The book suggests a template starting with just a minimal command. I usually prefer to place the basic aes specification at the beginning.

g1 = ggplot(data = mpg, aes(x = displ,y=hwy))
str(g1)

## List of 9
##  $ data       :Classes 'tbl_df', 'tbl' and 'data.frame': 234 obs. of  11 variables:
##   ..$ manufacturer: chr [1:234] "audi" "audi" "audi" "audi" ...
##   ..$ model       : chr [1:234] "a4" "a4" "a4" "a4" ...
##   ..$ displ       : num [1:234] 1.8 1.8 2 2 2.8 2.8 3.1 1.8 1.8 2 ...
##   ..$ year        : int [1:234] 1999 1999 2008 2008 1999 1999 2008 1999 1999 2008 ...
##   ..$ cyl         : int [1:234] 4 4 4 4 6 6 6 4 4 4 ...
##   ..$ trans       : chr [1:234] "auto(l5)" "manual(m5)" "manual(m6)" "auto(av)" ...
##   ..$ drv         : chr [1:234] "f" "f" "f" "f" ...
##   ..$ cty         : int [1:234] 18 21 20 21 16 18 18 18 16 20 ...
##   ..$ hwy         : int [1:234] 29 29 31 30 26 26 27 26 25 28 ...
##   ..$ fl          : chr [1:234] "p" "p" "p" "p" ...
##   ..$ class       : chr [1:234] "compact" "compact" "compact" "compact" ...
##  $ layers     : list()
##  $ scales     :Classes 'ScalesList', 'ggproto' <ggproto object: Class ScalesList>
##     add: function
##     clone: function
##     find: function
##     get_scales: function
##     has_scale: function
##     input: function
##     n: function
##     non_position_scales: function
##     scales: NULL
##     super:  <ggproto object: Class ScalesList> 
##  $ mapping    :List of 2
##   ..$ x: symbol displ
##   ..$ y: symbol hwy
##  $ theme      : list()
##  $ coordinates:Classes 'CoordCartesian', 'Coord', 'ggproto' <ggproto object: Class CoordCartesian, Coord>
##     aspect: function
##     distance: function
##     expand: TRUE
##     is_linear: function
##     labels: function
##     limits: list
##     range: function
##     render_axis_h: function
##     render_axis_v: function
##     render_bg: function
##     render_fg: function
##     train: function
##     transform: function
##     super:  <ggproto object: Class CoordCartesian, Coord> 
##  $ facet      :Classes 'FacetNull', 'Facet', 'ggproto' <ggproto object: Class FacetNull, Facet>
##     compute_layout: function
##     draw_back: function
##     draw_front: function
##     draw_labels: function
##     draw_panels: function
##     finish_data: function
##     init_scales: function
##     map: function
##     map_data: function
##     params: list
##     render_back: function
##     render_front: function
##     render_panels: function
##     setup_data: function
##     setup_params: function
##     shrink: TRUE
##     train: function
##     train_positions: function
##     train_scales: function
##     vars: function
##     super:  <ggproto object: Class FacetNull, Facet> 
##  $ plot_env   :<environment: R_GlobalEnv> 
##  $ labels     :List of 2
##   ..$ x: chr "displ"
##   ..$ y: chr "hwy"
##  - attr(*, "class")= chr [1:2] "gg" "ggplot"

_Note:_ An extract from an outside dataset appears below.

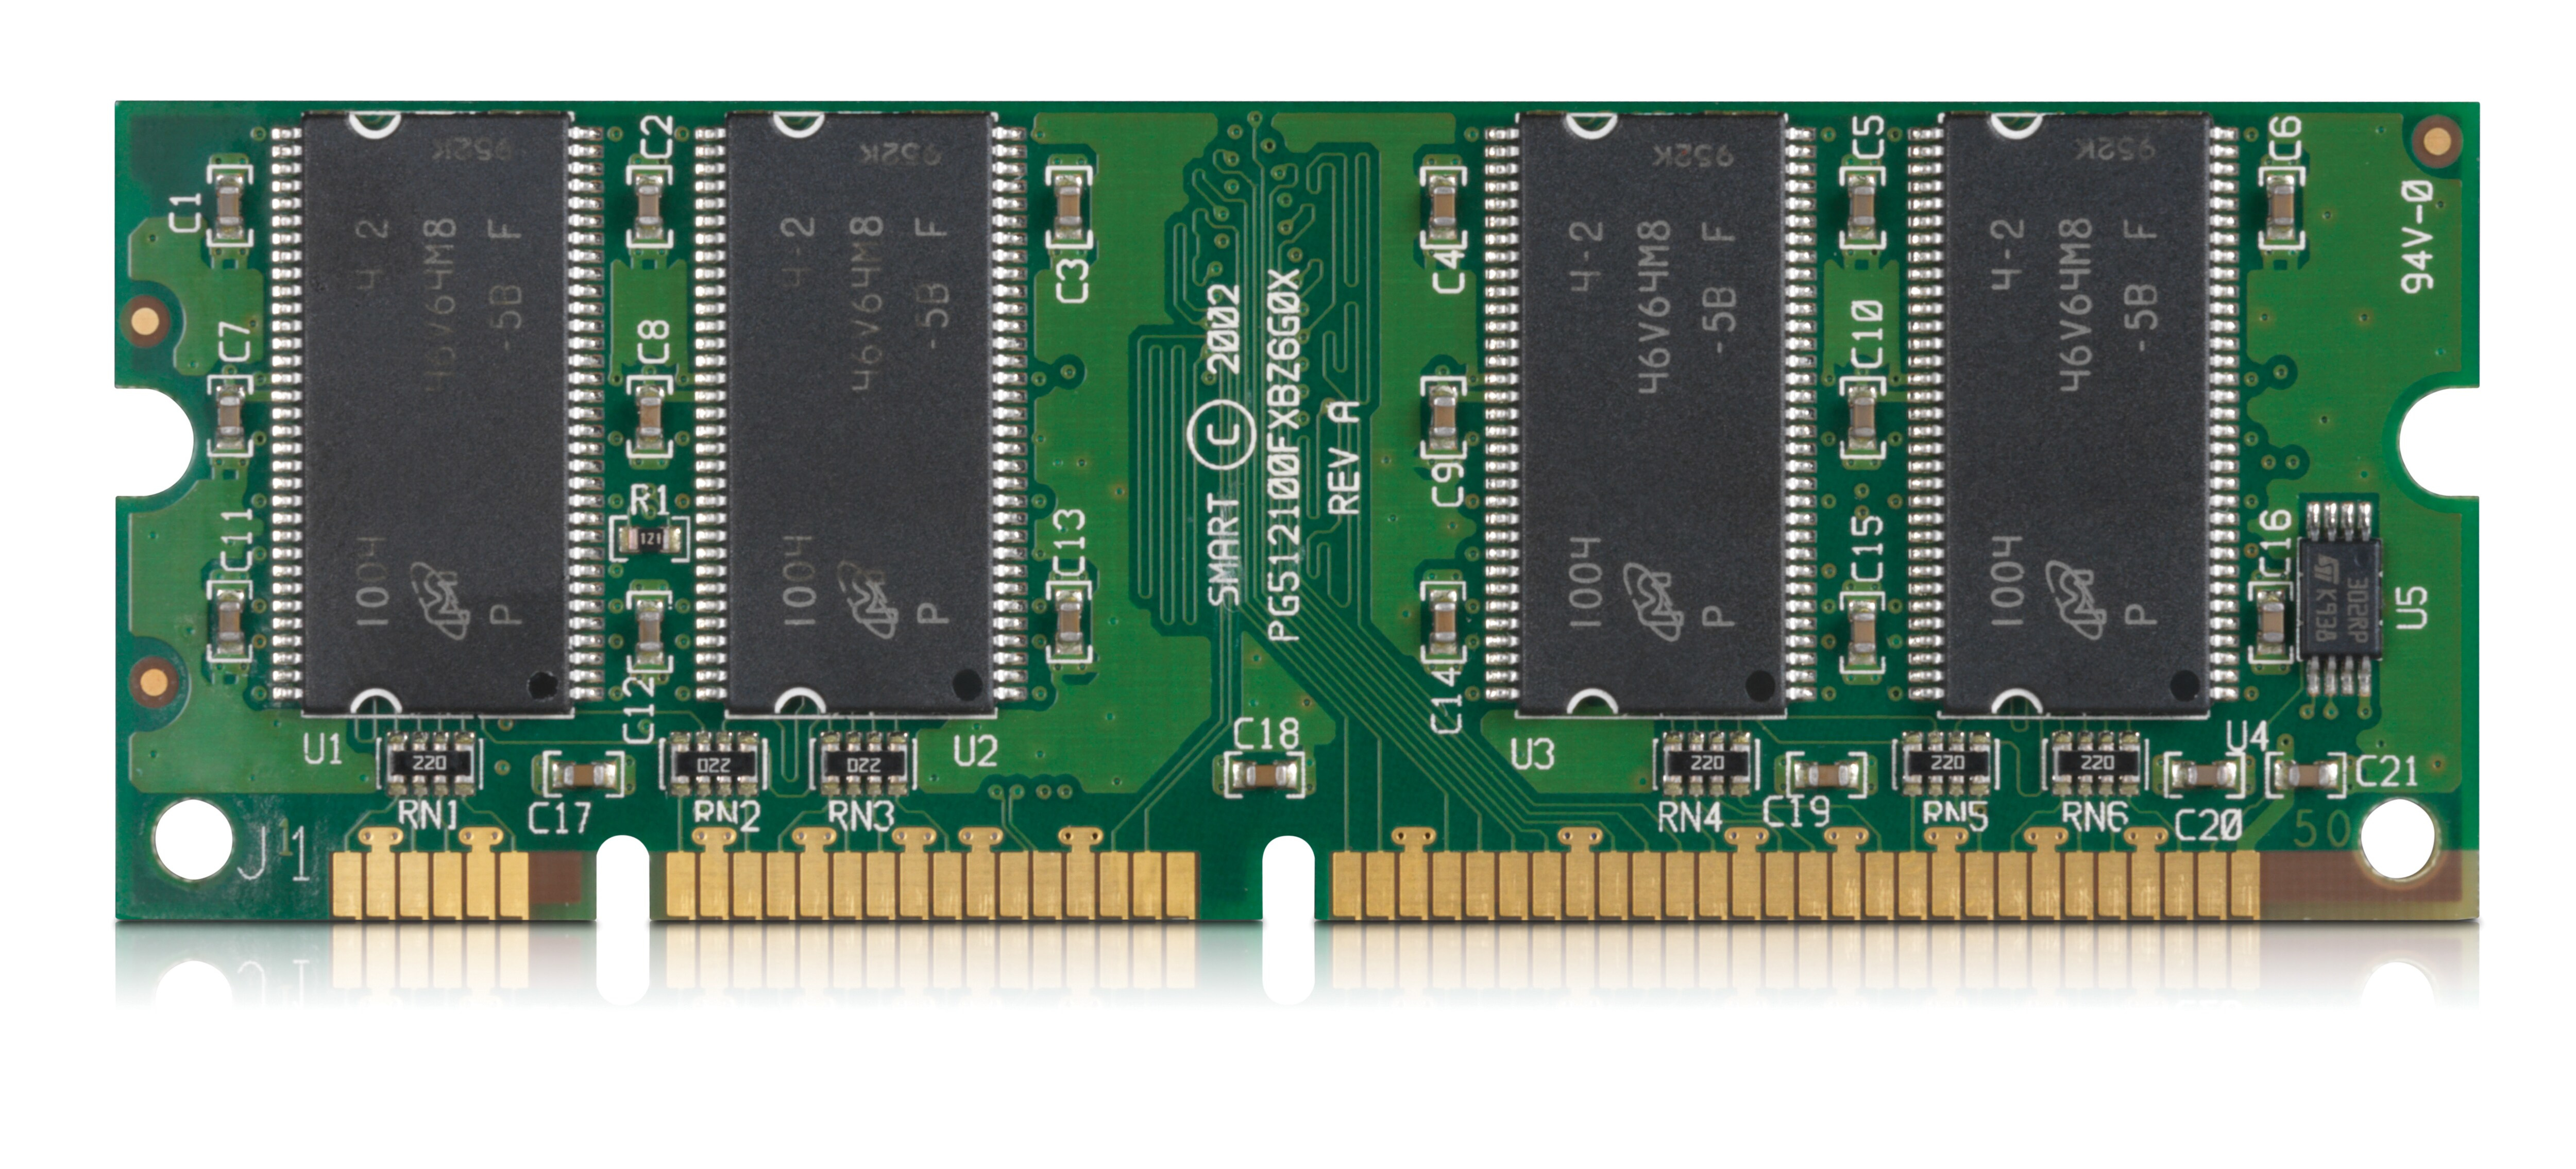 Q7558A

The object g1 has a lot of content, but attempting to display it produces an empty graph, basically a blank slate. Note tha the two axes have been created with useful values.

g1

With the aesthetics specified at the beginning we don’t need to repeat the aesthestics in the following layers.

Start with a layer containing a geom, geom_point() to create a scatterplot.

g2 = g1 + geom_point()
g2

We can add an aesthetic in the geom_point geom. Use color to indicate the class of variable.

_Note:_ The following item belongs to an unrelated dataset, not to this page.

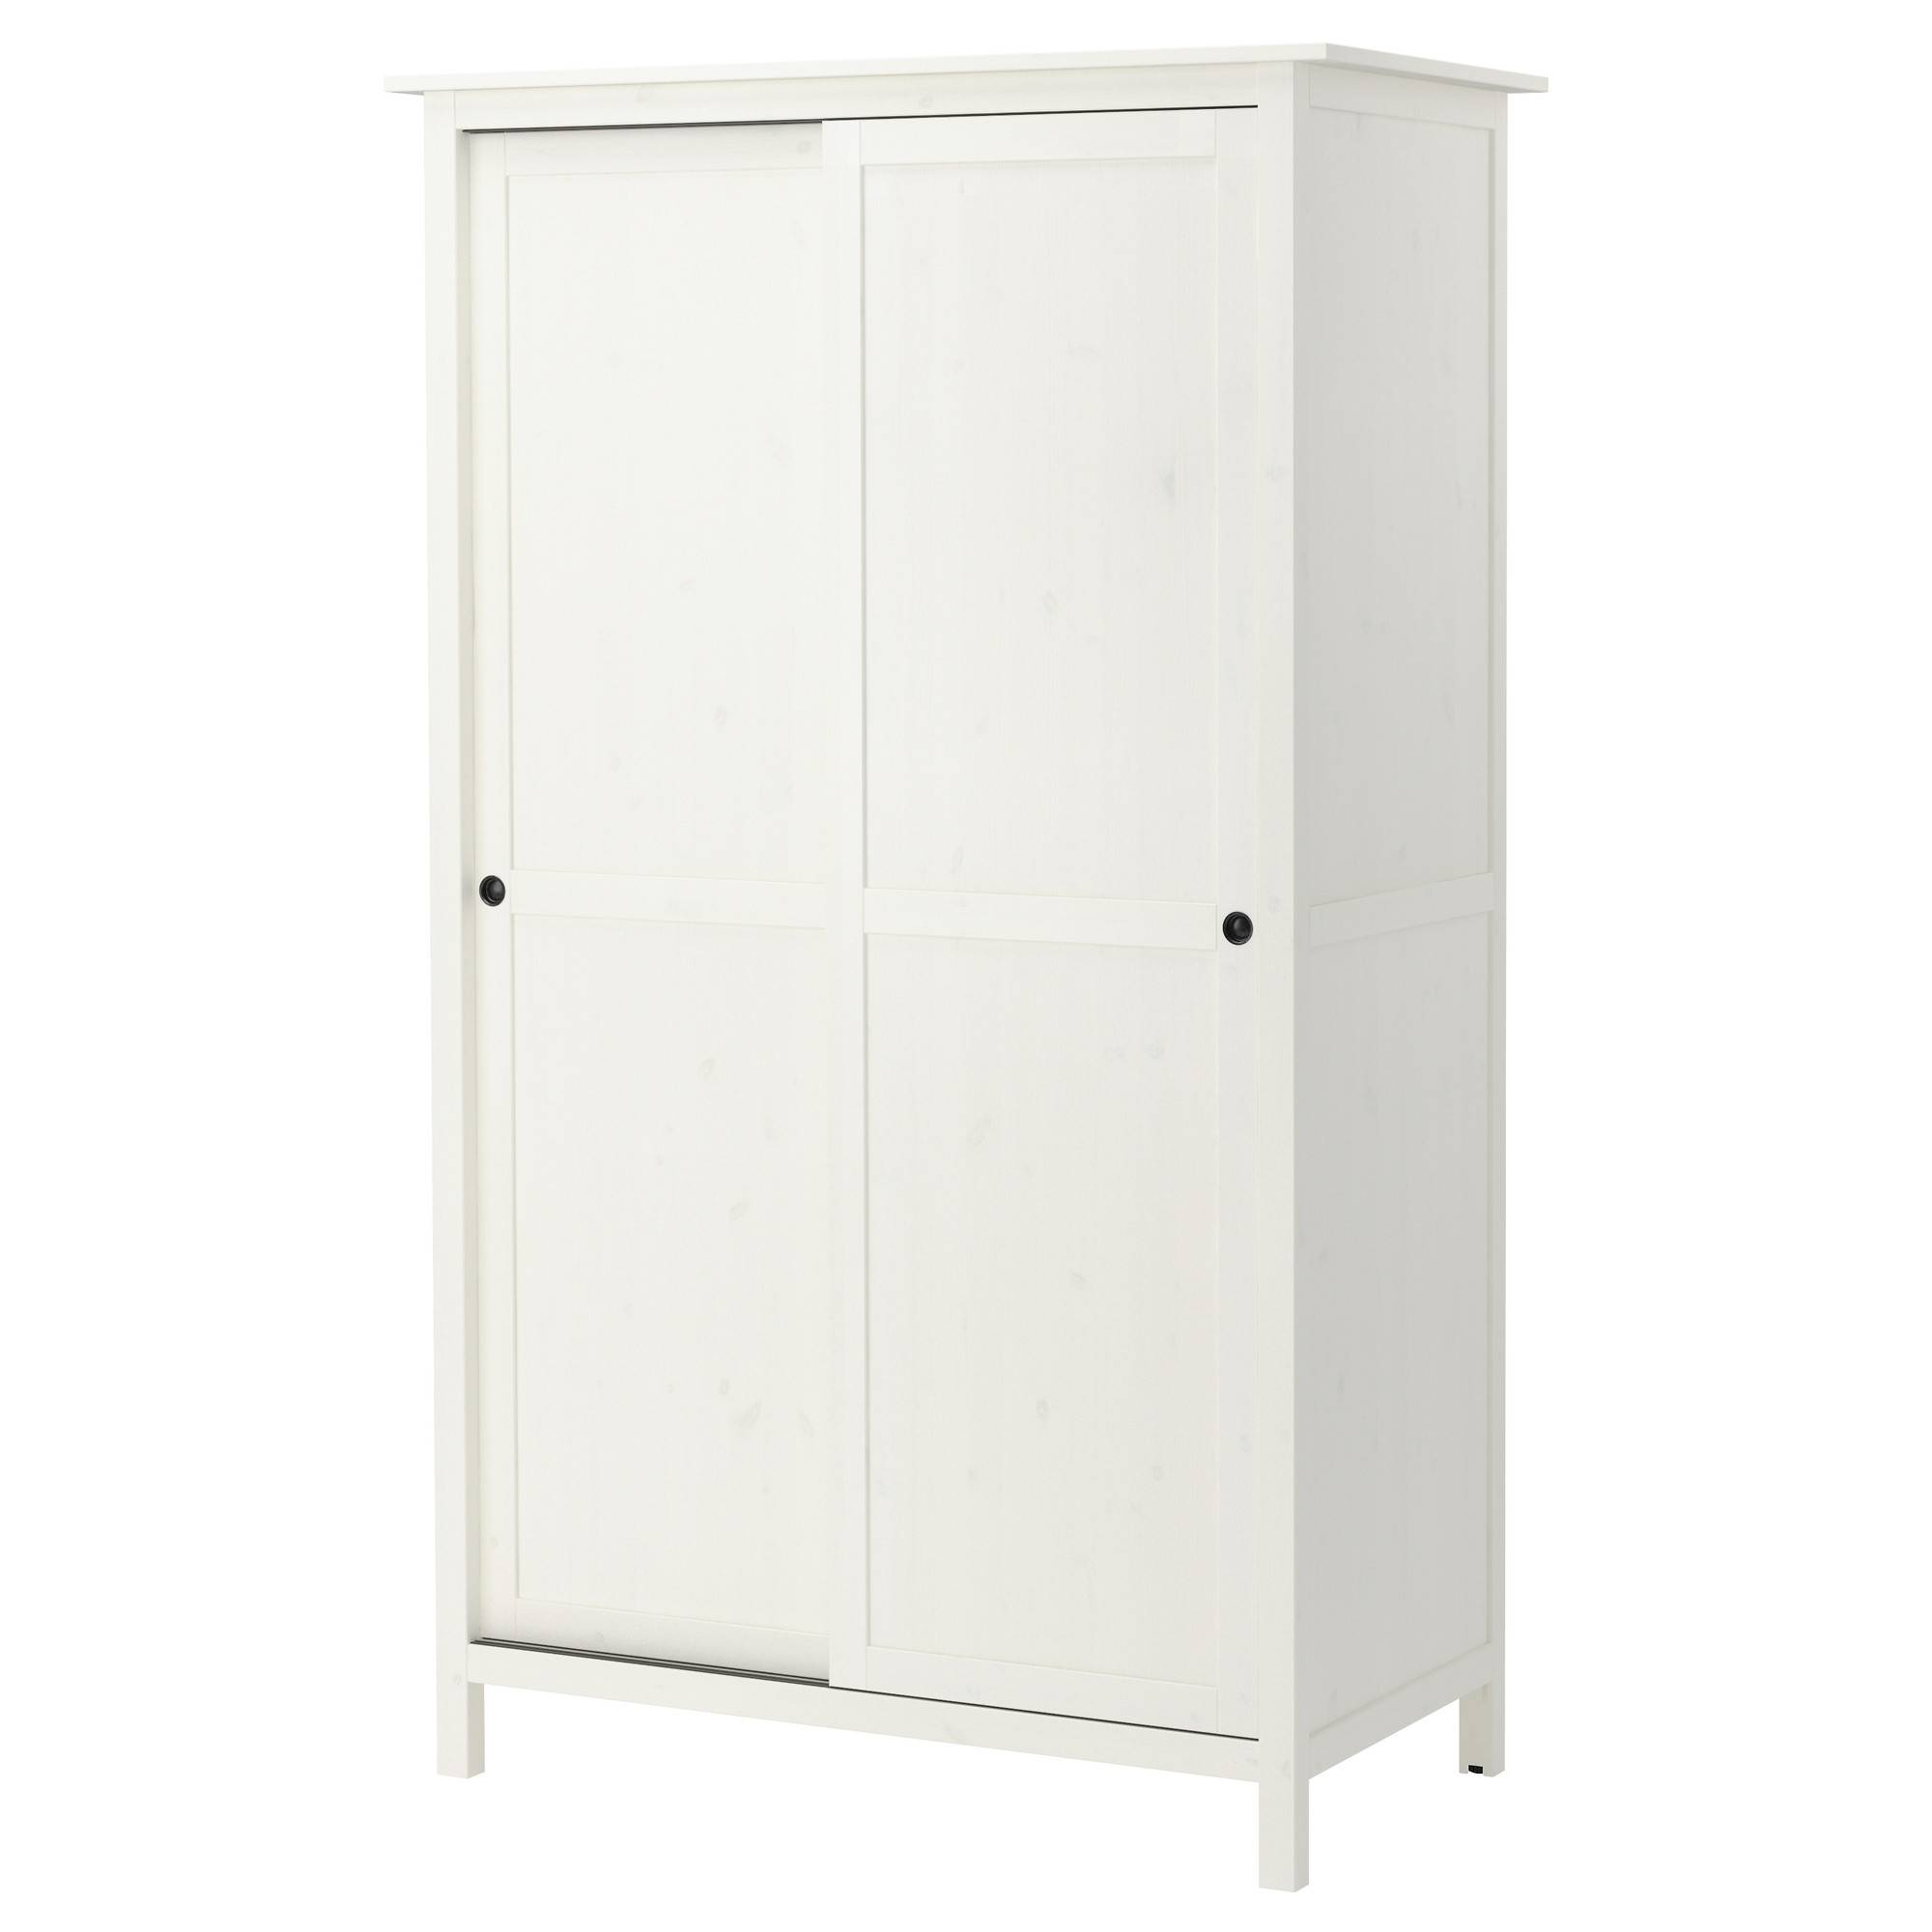 Wardrobes | Ikea For Black Single Door Wardrobes (View 5 of 15)

g2 = g1 + geom_point(aes(color = class))
g2

Note that the original aesthestics specified when we created g1 are preserved.

Now we can add another layer. Add a layer with a second geom, geom_smooth() to add a loess curve.

g3 = g2 + geom_smooth()
g3

## `geom_smooth()` using method = 'loess'

There are other variables which might influence highway glass mileage. How can we capture the influence of these variables? We have other visual attributes we could use to include these variables in the graph. The number of cylinders is a good example. Let’s use the size of the point. We’ll recreate g2 adding this mapping. Note at an item in an aesthestics list is of the form = .

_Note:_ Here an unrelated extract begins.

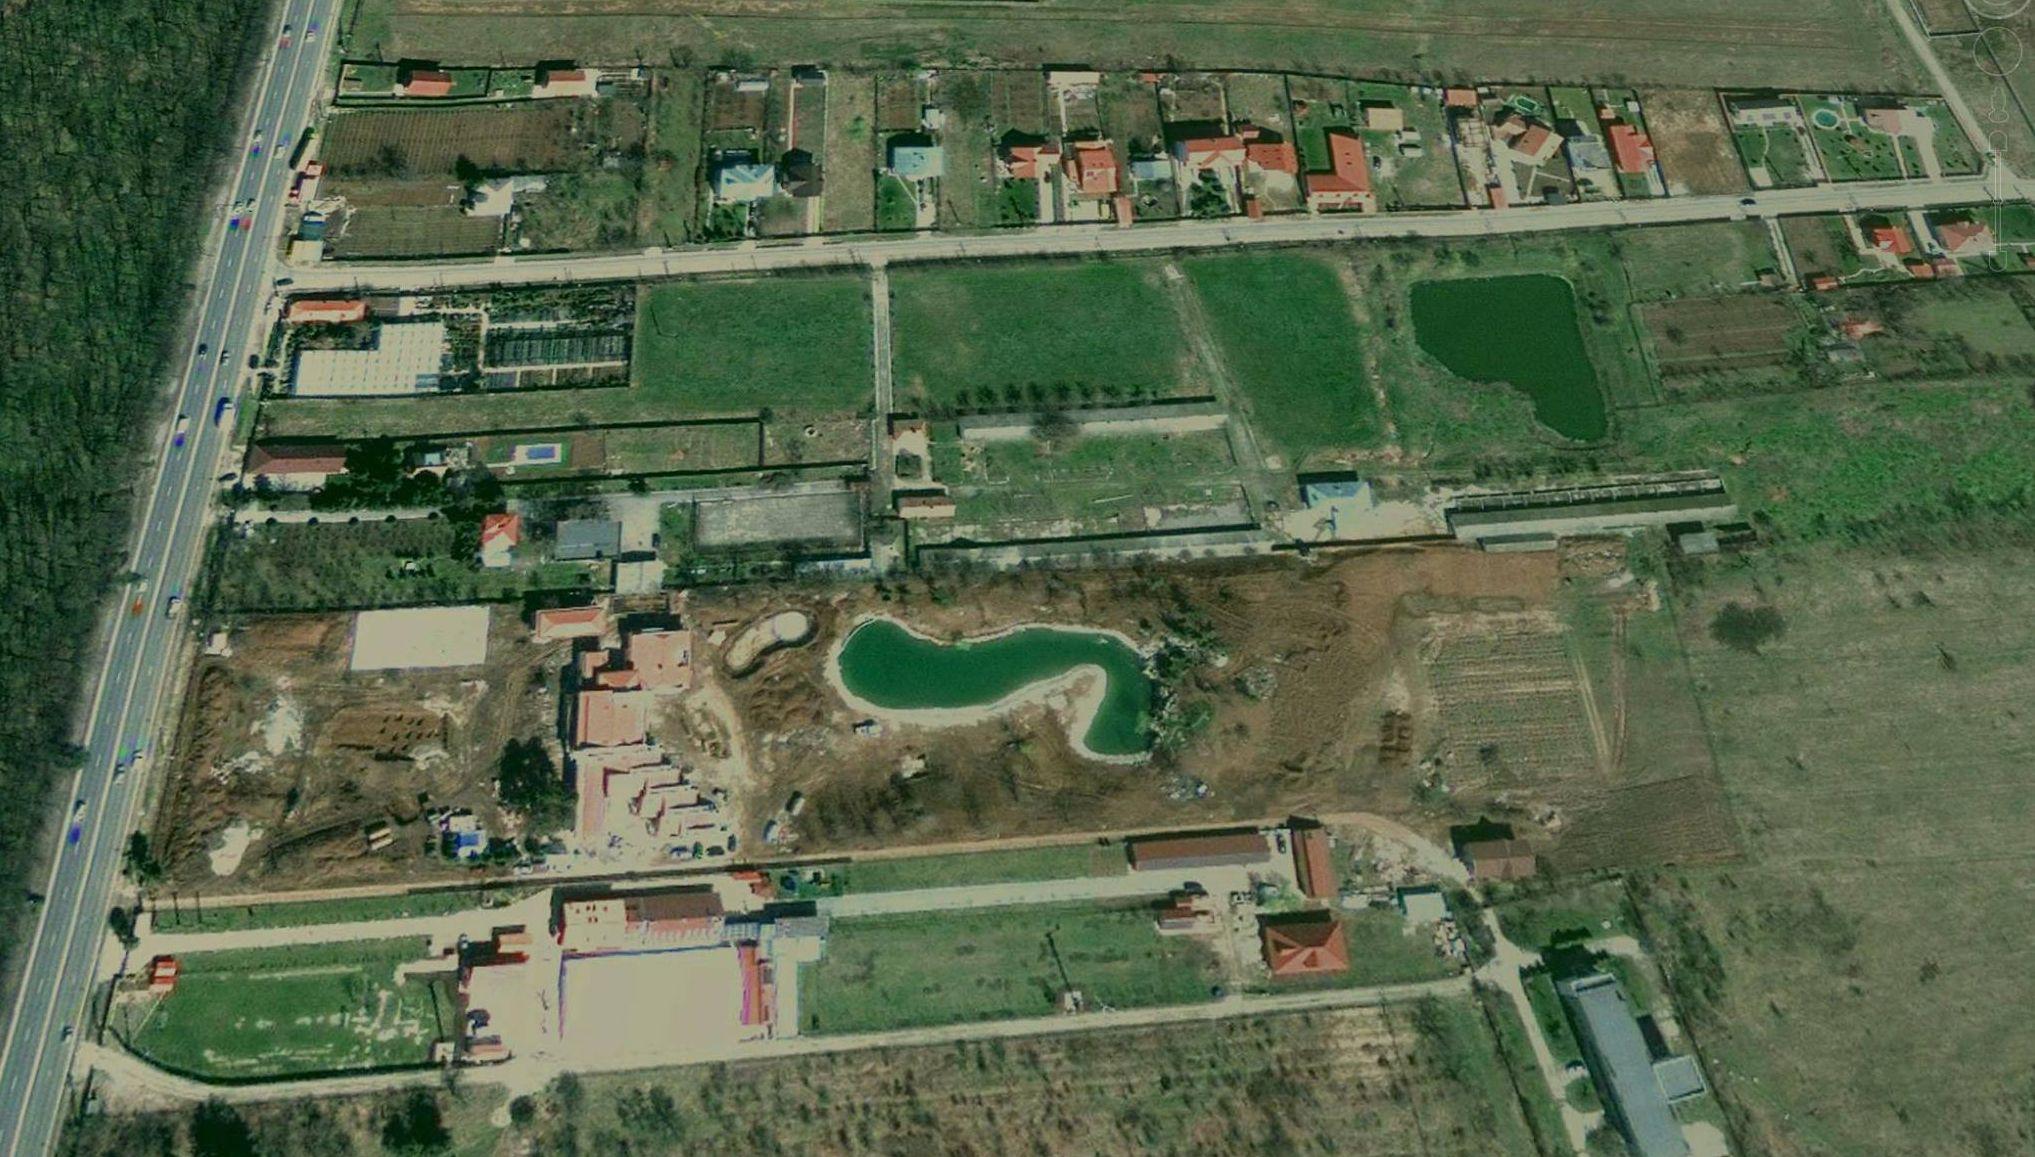 adelaparvu.com despre gradina amenjata de arh Dragos Isacescu, Foto Google Earth 1 (3)

g2 = g1 + geom_point(aes(color = class, size = cyl))
g2

Note that the variable cyl is highly correlated with engine displacement. What about drivetrain type. We could use shape to add this variable to a new version of g2.

g2 = g1 + geom_point(aes(color = class,size = cyl, shape = drv))
g2

What do you see?

Instead of adding categorical variables to the scatterplot, we could switch directions and create a graph placing a categorical variable on the x axis. Can we base such a graph on g1?

g2 = g1 + geom_boxplot(aes(x = drv,y=hwy))
g2

It almost works, but the values of displ have been lost, although the x axis still has the label “displ.” It would be better to create a new base graph with the variable we want given the x axis.

h1 = ggplot(data=mpg,aes(x=drv,y=hwy))
h2 = h1 + geom_boxplot()
h2

Exercise. Create a new variable diff in the mpg dataframe. diff = hwy - cty.

Create a graph to show how diff depends on displ?

mpg$diff = mpg$hwy - mpg$cty
g1 = ggplot(data = mpg,aes(x=displ,y=diff))
g2 = g1 + geom_point()
g2

Create a graph to show how diff depends on a categorical variable like drv.

g1 = ggplot(data = mpg,aes(x=drv,y=diff))
g2 = g1 + geom_boxplot()
g3 = g1 + geom_point()
g2

g3

g4 = g1 + geom_point(aes(color = class))
g4

g5 = g1 + geom_jitter()
g5

g6 = g1 + geom_jitter(aes(color=class))
g6

How do we look at the distribution of a categorical variable?

g1 = ggplot(data = mpg, aes(x=class)) + geom_bar()
g1